For years, under successive Cabinet Secretaries, this division has been overlooked, underfunded, and treated as an afterthought. Yet it is the backbone of disease prevention, outbreak control, health promotion, environmental health, and the national–county coordination that underpins a healthy population.

Without it, Kenya risks pouring resources into treatment while leaving preventable illnesses unchecked. A stark example of this weakness was seen during the recent mpox outbreak.

Despite early warnings from global health authorities and clear evidence of community spread in neighboring countries, Kenya’s public health surveillance systems were slow to detect, trace, and contain cases.

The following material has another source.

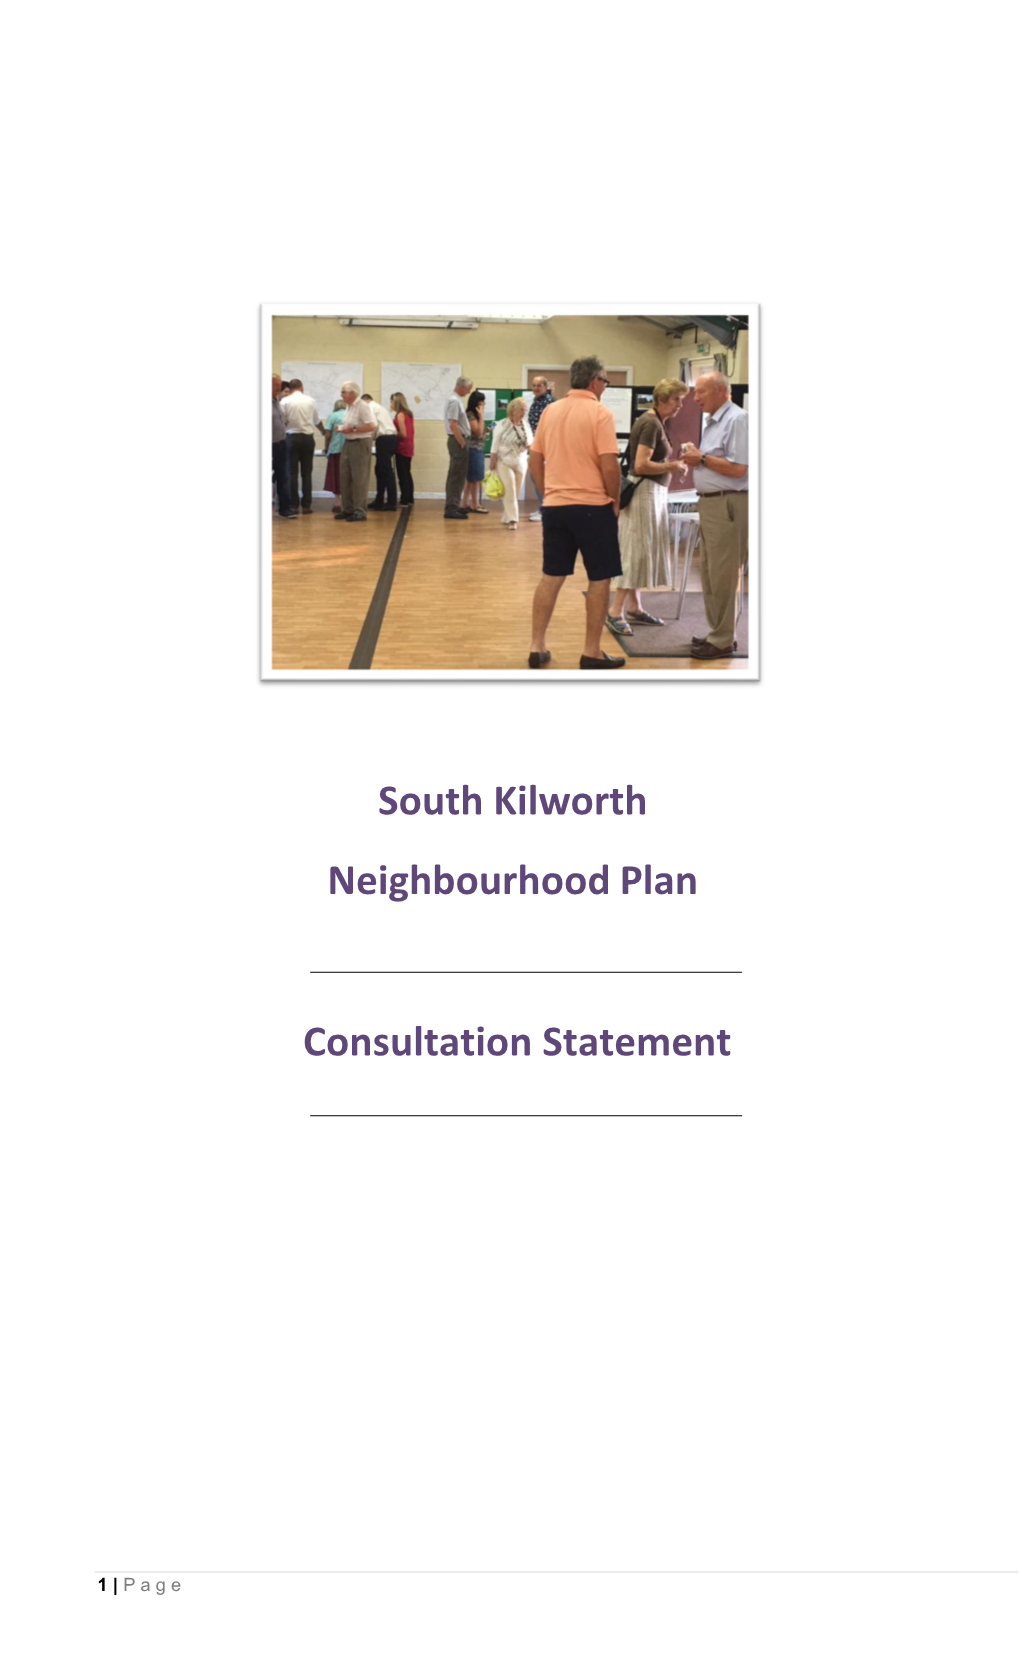 South Kilworth Neighbourhood Plan Consultation Statement

Preventive communication to the public was minimal, leaving room for stigma and misinformation. By the time a response was mobilized, preventable transmissions had already occurred — exposing gaps in outbreak preparedness and coordination between national and county health teams.

This was not a failure of curative medicine, but of preventive systems that should have been the first line of defense. Duale’s current reforms are necessary, but their impact will be short-lived unless matched by a strong public health agenda.

Rebuilding the Division requires: A rapid audit to identify staffing, budget, and surveillance gaps. Strengthened community health systems and disease monitoring. Integration of SHA financing with preventive services, not just curative care. Clear national–county outbreak response protocols.

Kenya’s health system cannot afford to focus only on hospital beds and financing reforms while ignoring prevention. The Public Health Division must be restored to its rightful place at the heart of national health policy.

If Aden Duale succeeds where his predecessors fell short, he will not only protect SHA’s sustainability but also secure a healthier future for all Kenyans.

The writer is a public health specialist.